• _Recorded data_
————
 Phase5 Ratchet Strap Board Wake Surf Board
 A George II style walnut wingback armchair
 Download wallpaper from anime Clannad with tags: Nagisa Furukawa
————
• _Work to be completed_
Set the data down again in full. Keep it exact.

• _Exercise answer_
 Phase5 Ratchet Strap Board Wake Surf Board
 A George II style walnut wingback armchair
 Download wallpaper from anime Clannad with tags: Nagisa Furukawa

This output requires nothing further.